Both Spark Streaming on HDInsight and Databricks open up the options for configurability and are possibly more suited to an enterprise level data platform, allowing us to use languages such as Scala/Python or even Java for the processing in the middle. The use of these options also allows us to integrate Kafka (an open source alternative to EventHubs) as well as HDFS, and Data Lake as inputs. Scalability is determined by the cluster sizes and the support for other events mentioned above is also included. These options also give us the flexibility for the future, and allow us to adapt moving forward depending on evolving technologies. They also come with the benefit of Azure network security support so we can peer our clusters onto a virtual network.

Lastly – I wouldn’t personally use this but we can also use Functions to achieve the same goal through C#/Node.js. This route however does not include support for those temporal/windowing/late arrival events since functions are serverless and act on a per execution basis.

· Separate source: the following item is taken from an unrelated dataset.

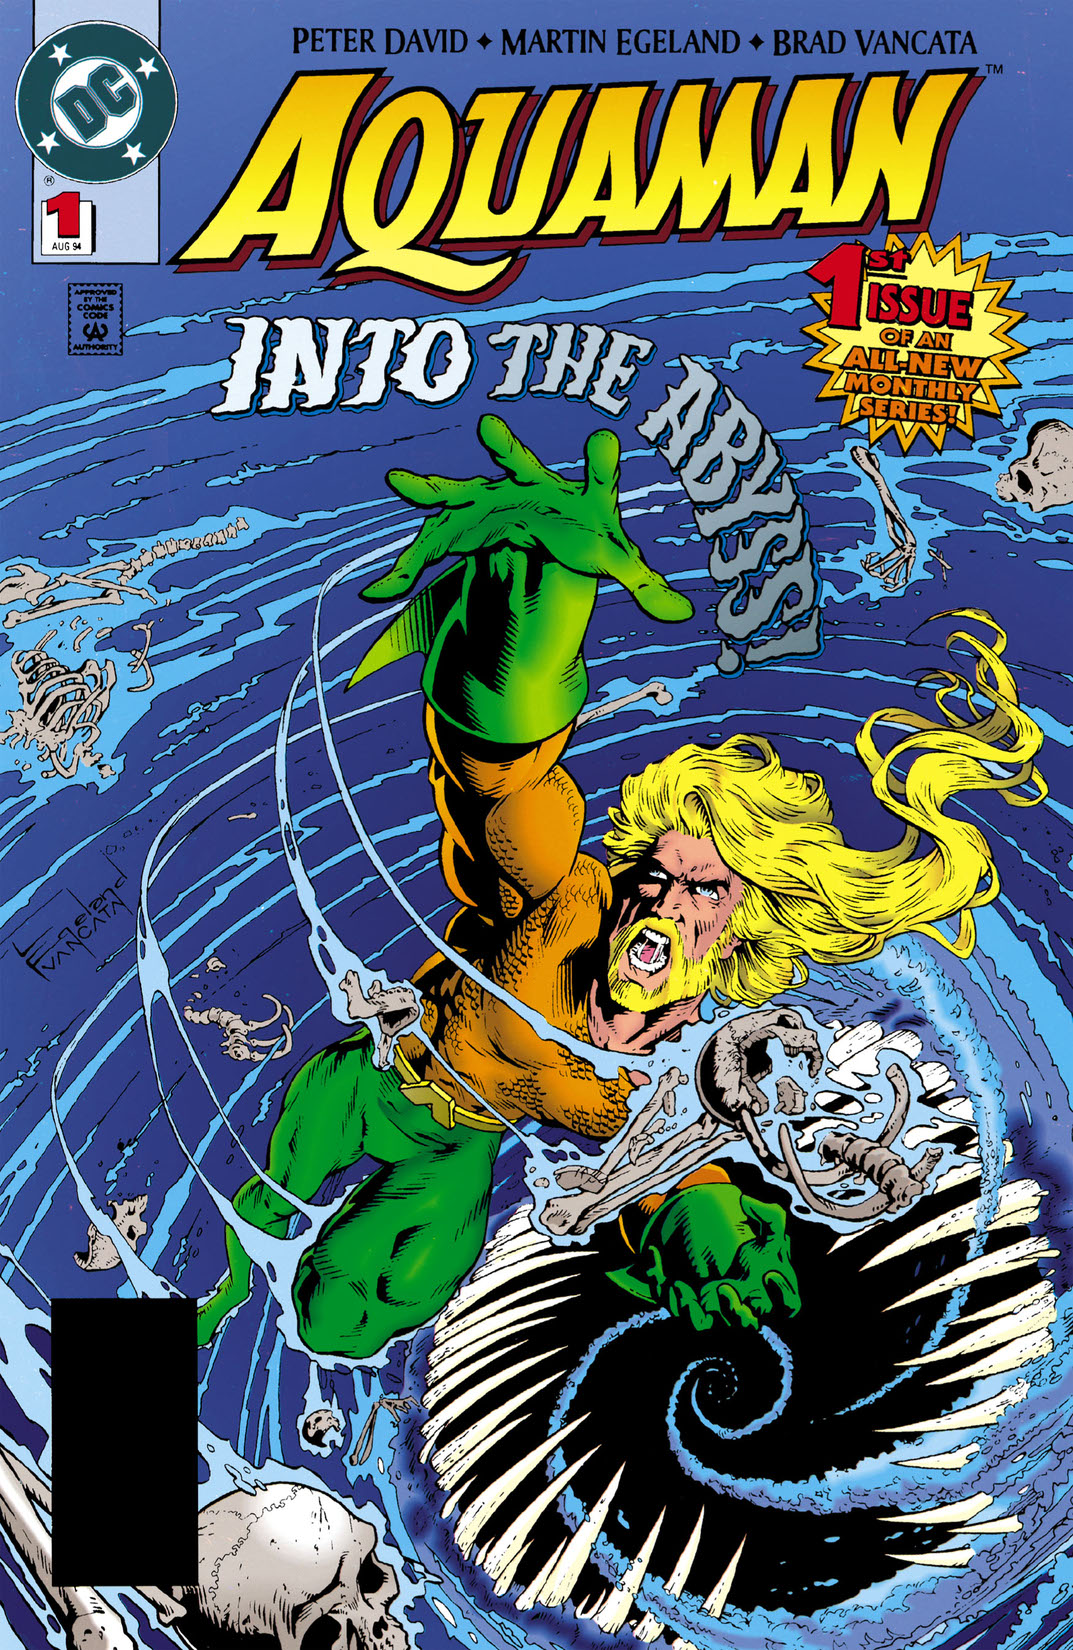 Aquaman (1994-) #1 preview images
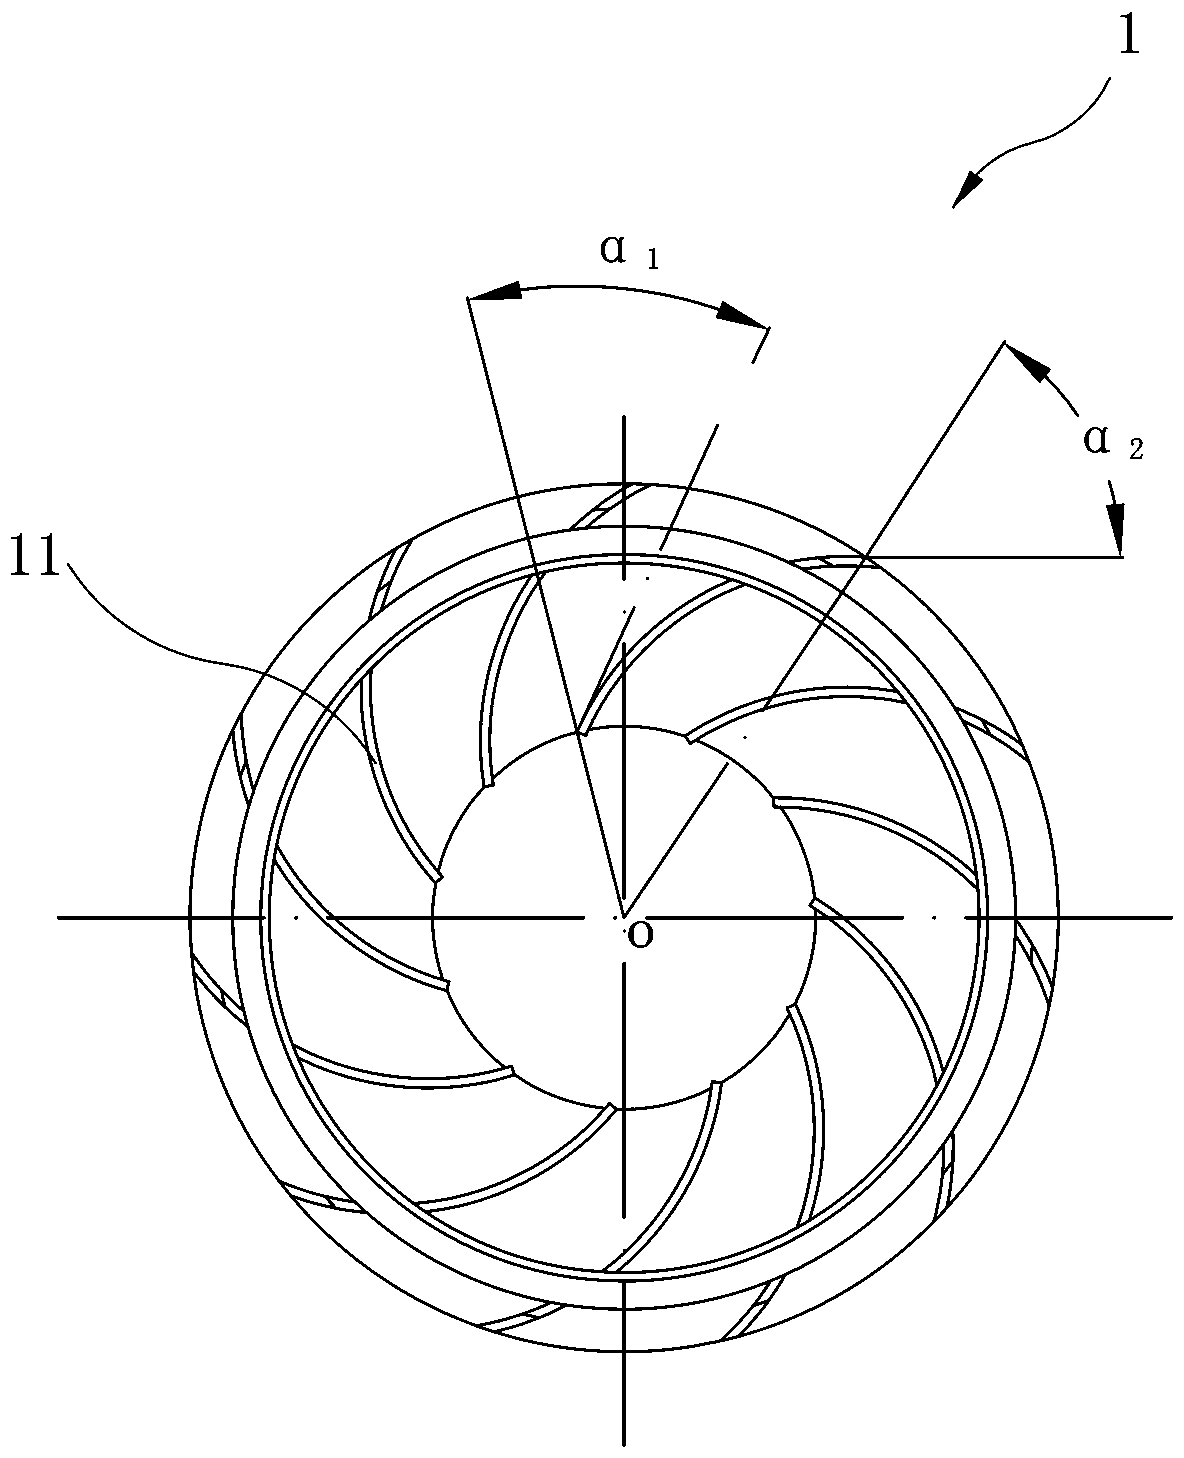 Design method for non-volute centrifugal wind wheel

In the following blog, I’ll be looking at Spark Streaming on Databricks (which is fast becoming my favourite research topic).

A good place to start this is to understand the structured streaming model which I’ve seen a documented a few times now. Essentially treating the stream as an unbounded table, with new records from the stream being appended as a new rows to the table. This allows us to treat both batch and streaming data as tables in a DataFrame, therefore allowing similar queries to be run across them.




At this point, it will be useful to include some code to help explain the process. Before beginning its worth mounting your data sink to your databricks instance so you can reference it as if it were inside the DBFS (Databricks File System) – this is merely a pointer. For more info on this, refer to the databricks documentation here. Only create a mount point if you want all users in the workspace to have access. If you wish to apply security, you will need to access the store directly (also documented in the same place) and then apply permissions to the notebook accordingly.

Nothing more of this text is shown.